It is so exciting to be part of the growing movement, bringing yoga and mindfulness into schools. This month, our programs were recognized by The Bergen Record, a major newspaper in the northern New Jersey area. It was fun to be interviewed and photographed with all of the children, but the greater joy for me, comes from knowing that this creates even more awareness about how these practices can be integrated into educational programs and how students and teachers can benefit.
More and more schools are beginning to see that yoga IS an educationally relevant practice and YES, more and more districts are offering yoga and mindfulness in different ways to support their students as well as the districts individual needs and initiatives.
Our newest program, EDUCATE 2B: Tools for Engaged Learning and Living has been receiving great praise from administrators, teachers, therapists, students and families. Designing this program was certainly a labor of love. Now that we are actually bringing it to schools and holding trainings, the love is expanding in big and beautiful ways. One of the aspects of this program that I am so proud of and excited about are the scientific links that are provided with each and every tool.
Throughout all of the years that I have brought yoga into classrooms and lead trainings for therapists and teachers, I have found that most people, especially educators, are initially excited about what the tools can offer, but following through with using them is sometimes a challenge.

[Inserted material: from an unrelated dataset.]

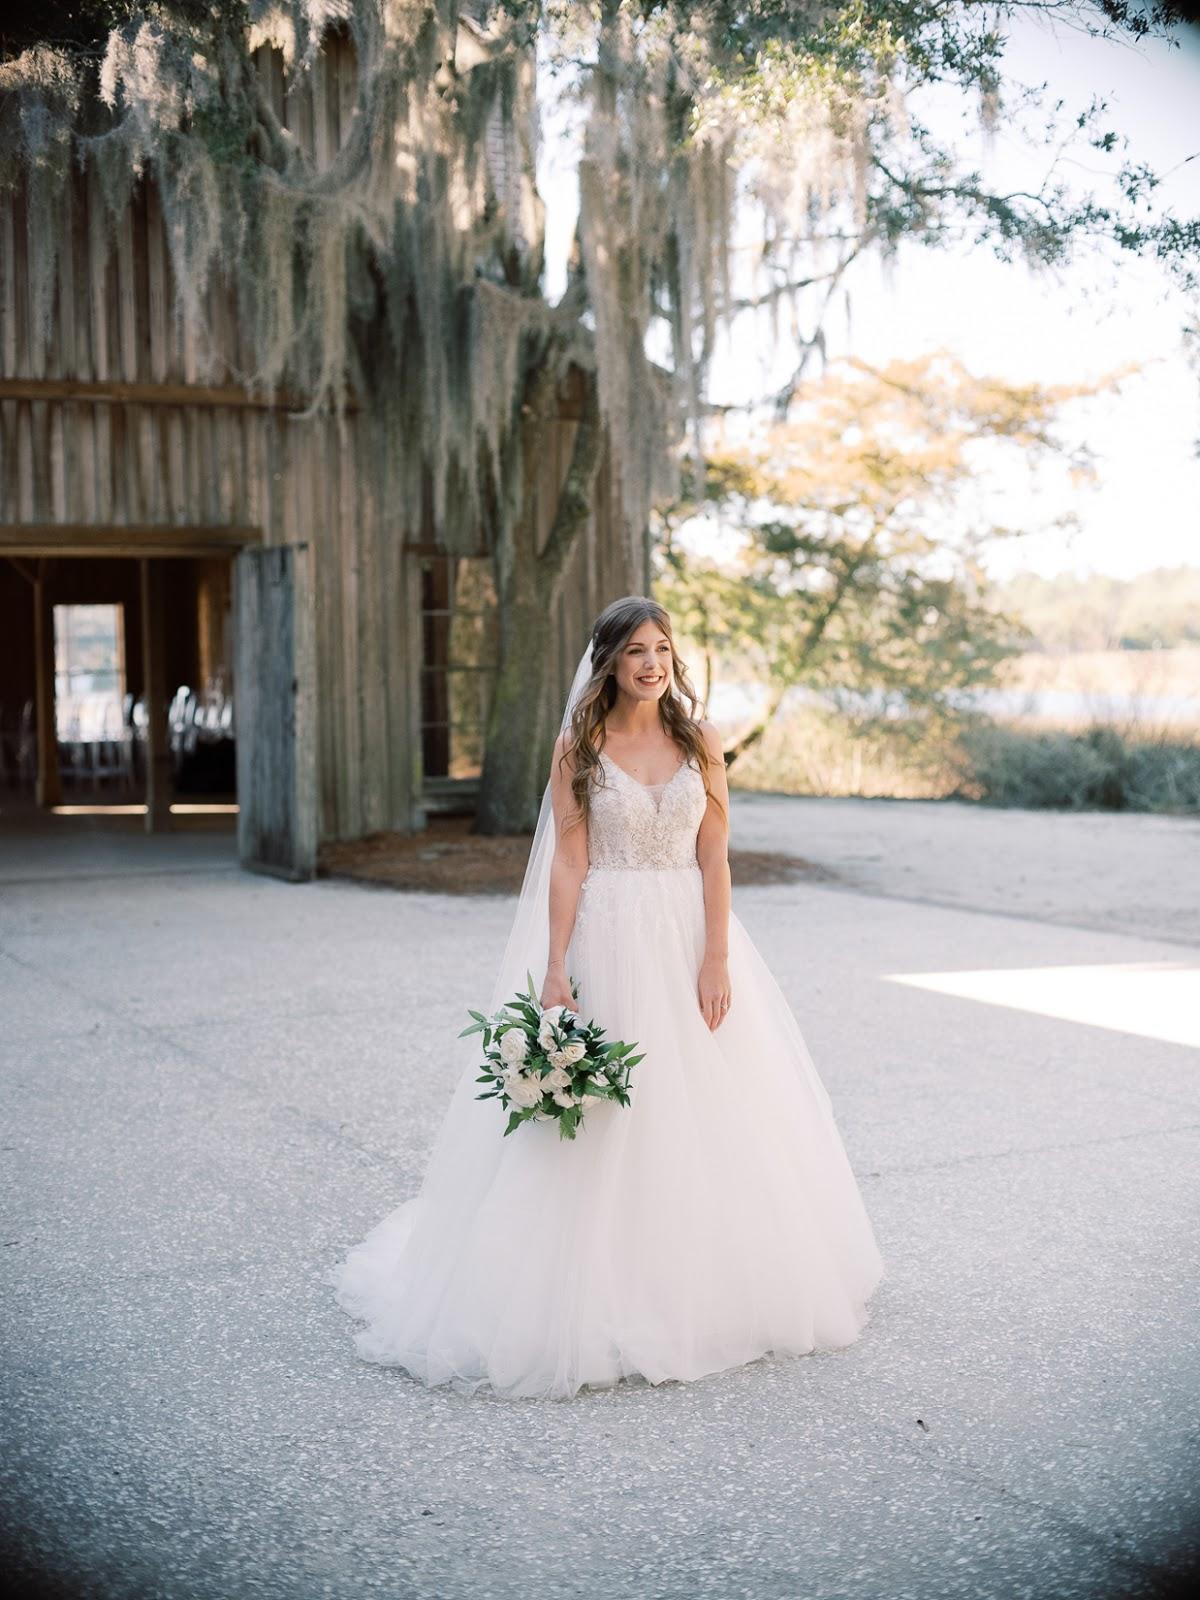 Bridal Portraits at Boone Hall Plantation - Chasing Cinderella

There are 2 things that we do in the EDCUATE 2B training and manual that have helped educators sustain the program within their classroom.
- Trainings involve an experiential component where attendees actually practice using each and every tool. Feeling the change within themselves provides a much better memory circuit, forming connections to the effects.
- In the HOW THIS WORKS section of the manual, we provide the most up to date research and applications of the breathing, movement and mindfulness tools. I love research and truly believe that along with feeling the effects within our own body and mind, understanding what is actually happening neurologically, biochemically, and physiologically further builds our connection to and appreciation of each tool. For educators, therapists and especially administrators, this is an essential element.
- Another feature that I am incredibly proud of is the STATES OF BEING section. Through 5 picture icons, users are guided on the effects of each tool. Some tools help the nervous system to calm, some to energize or to build focus. Connection tools build inner awareness of self and assist in building connections with others. The ready to learn tools are those that developmentally prepare specific systems within the body and mind to learn, such as getting the hands ready to write, the eyes ready to look, the ears ready to listen, etc.
Our EDUCATE 2B calendar of trainings will be growing. The next one is March 26, 2015. For now, the manual is only available when you take the training. Once you complete the training, you can purchase more manuals for your school and run your own in-service for the staff within your school building or district.
For now, here is some new ‘science’ that further supports some of the movement tools within EDUCATE 2B:
It has long been known that aerobic exercise is good for the body. This study referenced below, is the first to demonstrate that aerobic fitness is also essential for the brain. Research found that aerobic exercise positively related to the microstructure of white matter fiber tracts in the brain during childhood. White matter microstructure has been found to relate to mathematics performance in the classroom (van Eimeren et al., 2008).
The study further raises the possibility that greater white matter integrity, is one pathway by which higher fit children excel in cognitive and academic performance compared to their less fit peers. It also supports the need for students to get more exercise throughout their day. A physical education class one time per week will not be as fulfilling to the growing brain as having movement breaks throughout a day…every day.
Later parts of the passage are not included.